In the context of open access scientific publishing, it is common that the Version of Record (VoR) includes the full text of the article as well as figures and tables. Scientific metadata about an article is no longer just the abstract, authors, and references. This full text, structured data that is permissively licensed will open up many workflows for scientific research. The full text is most often stored in an XML format which can be used to create all other views of this content (PDF, HTML). The structure of this XML varies between publisher, with the most used open standard being JATS (Journal Article Tag Suite), a NISO standard.
JATS defines a set of XML elements and attributes designed to represent journal articles in a single standard XML format. A JATS document is a single XML file that includes an
article, which has
front matter (authors, affiliations, title, abstract, funding), the
body of the article (all sections, text, references to figures/images, tables), and the
back matter (appendix sections, data-availability statements, conflict statements, acknowledgements, and the reference list).

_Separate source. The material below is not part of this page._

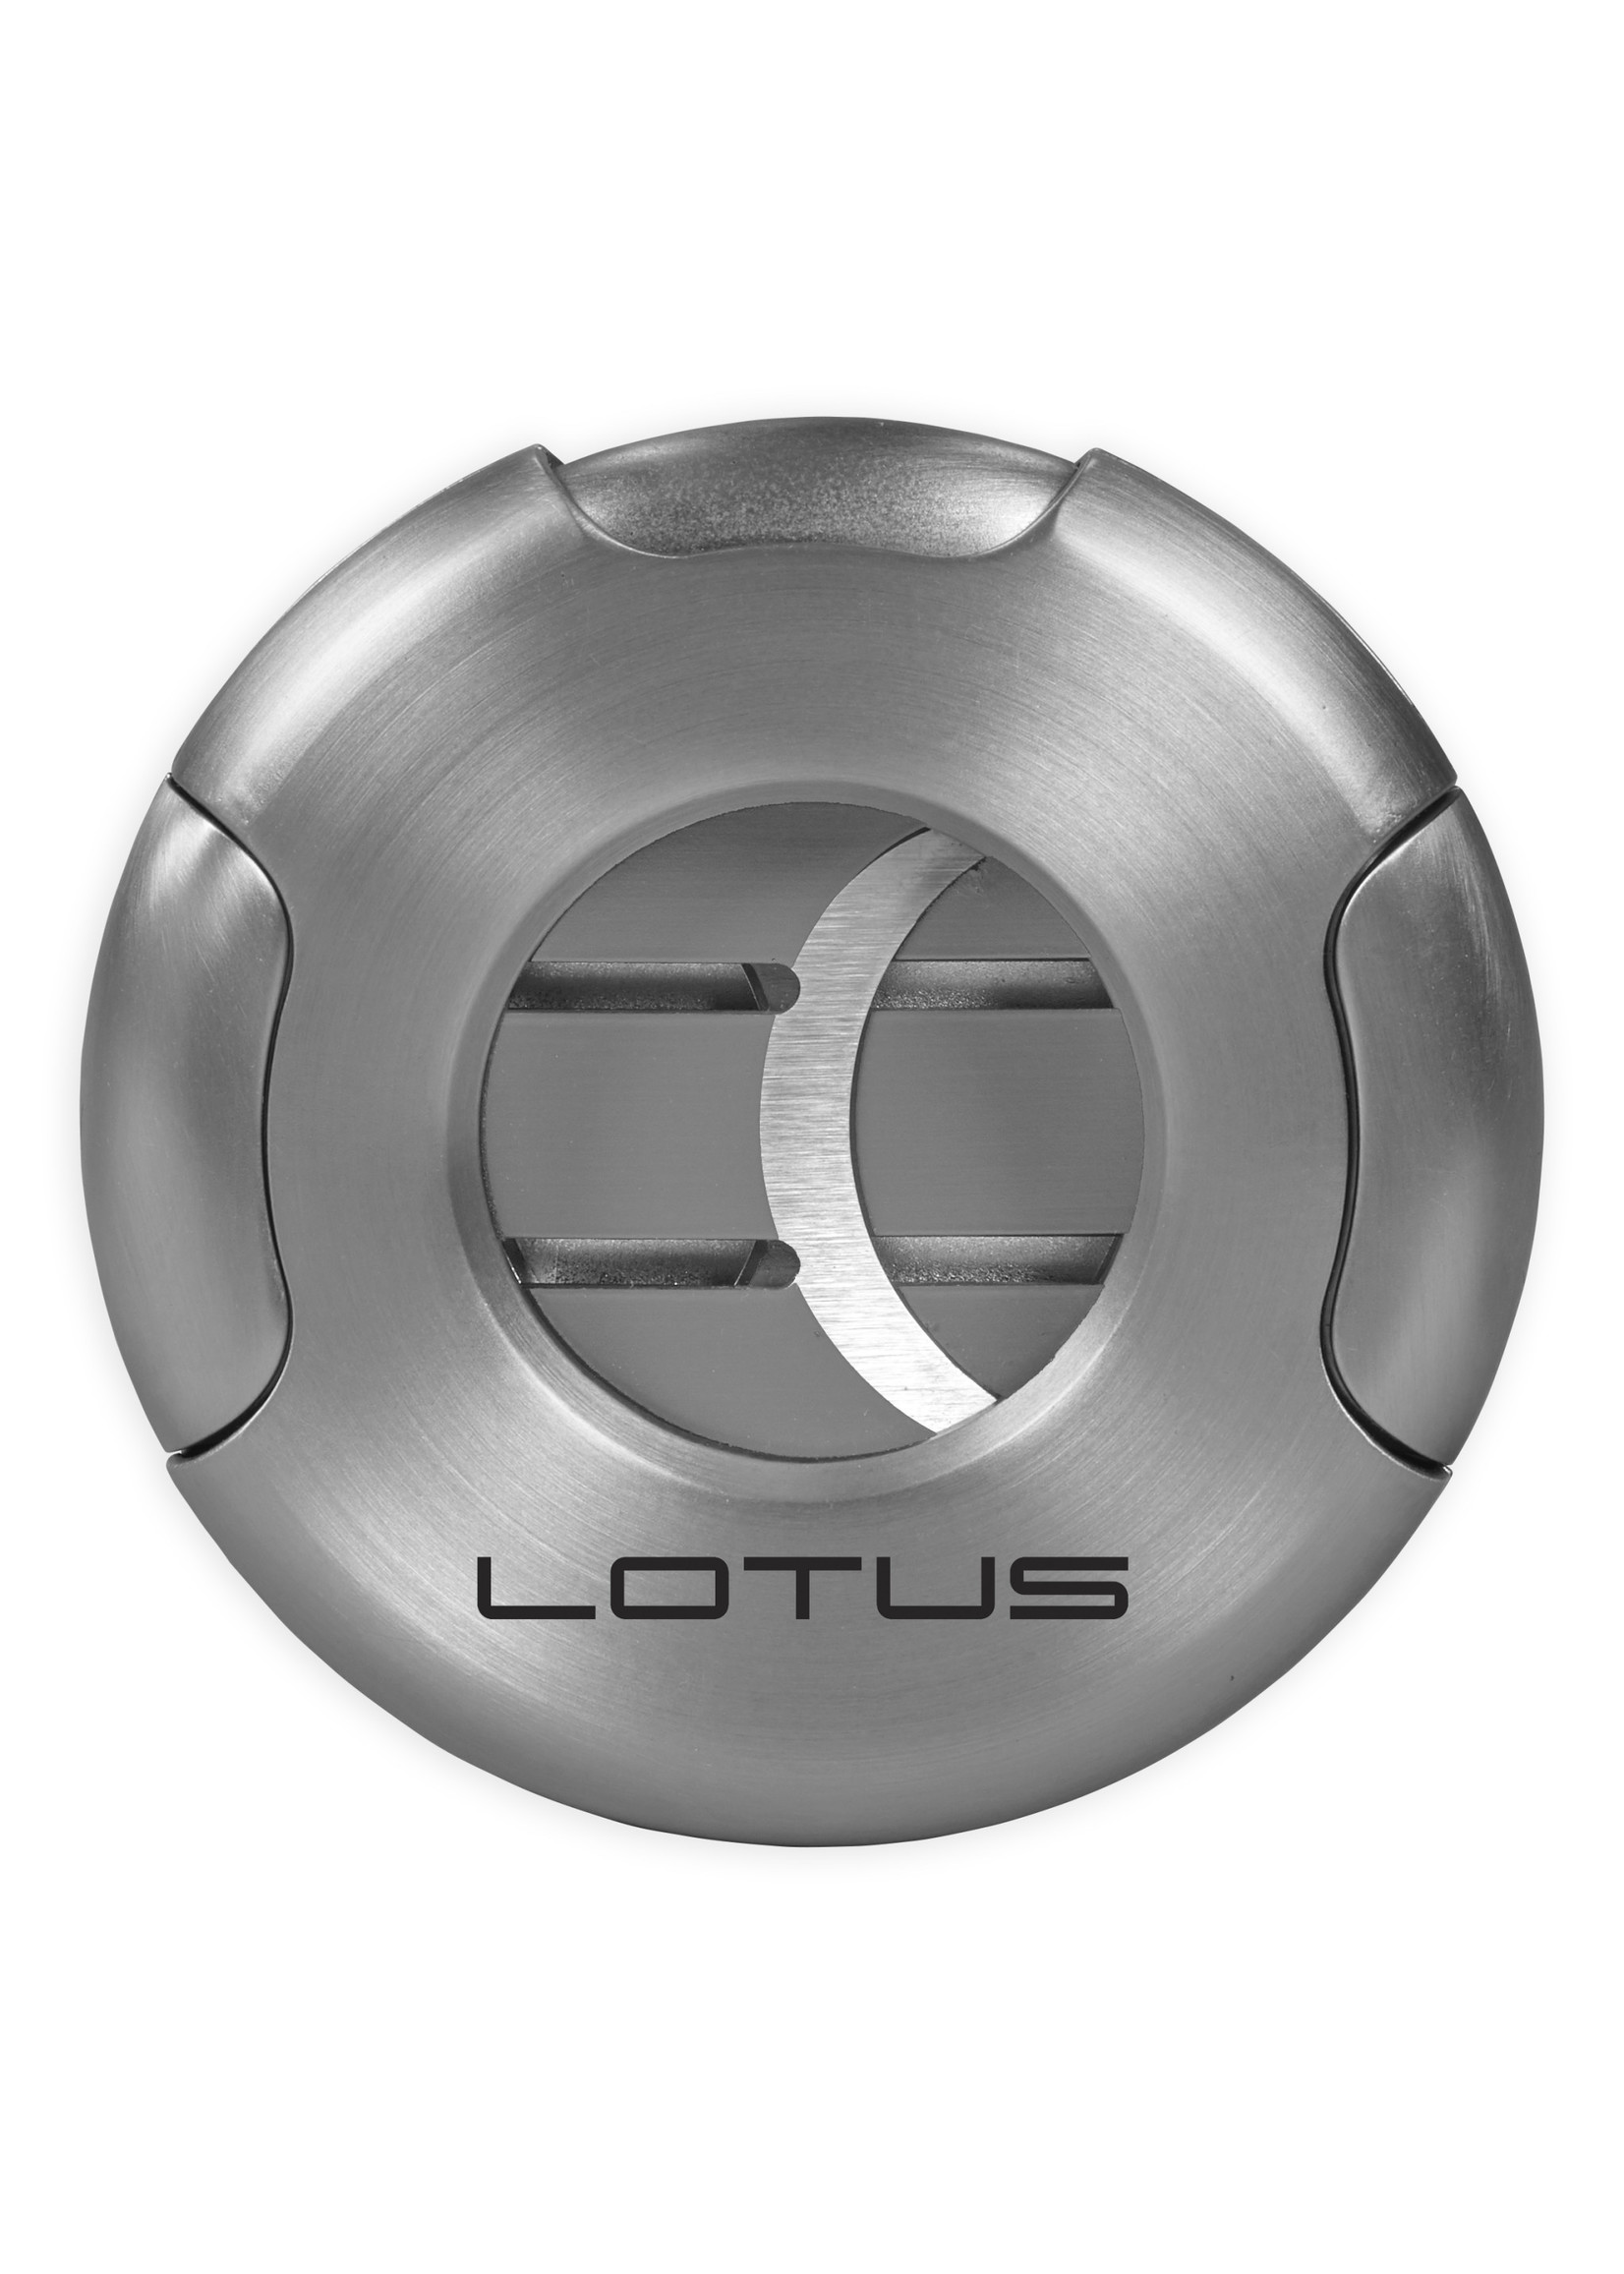 Lotus Meteor Lotus Cutter

There can also be a number of
sub-articles (with their own stubbed, frontmatter) that can be used to store other documents in a project (reviews, responses, appendicies, or even computational notebooks!).
MyST can be used to both download, read, create the full JATS XML, using our tool called
jats-xml (see install instructions). To download a JATS file, for example, you can use the command-line interface:
jats download https://elifesciences.org/articles/81952 article.jats
You can also summarize a JATS article, either locally or remotely using a DOI or some URLs.
jats summary https://elifesciences.org/articles/81952
JATS for Journal Archiving and Interchange¶
There are three different tag-sets for JATS, as a lot of the content that we are aiming to work with requires computational notebooks and multiple articles we have chosen to focus MyST on the Journal Archiving and Interchange (v1.3). There is a lot of overlap between the tag-sets, with the Journal Archiving and Interchange tag-set being the most permissive and allowing, for example,
sub-articles. Try clicking the "JATS" button in the following demo.
The largest structural difference in body content is that the sections (
sec) are nested, which are accomplished as specific transforms for this export target.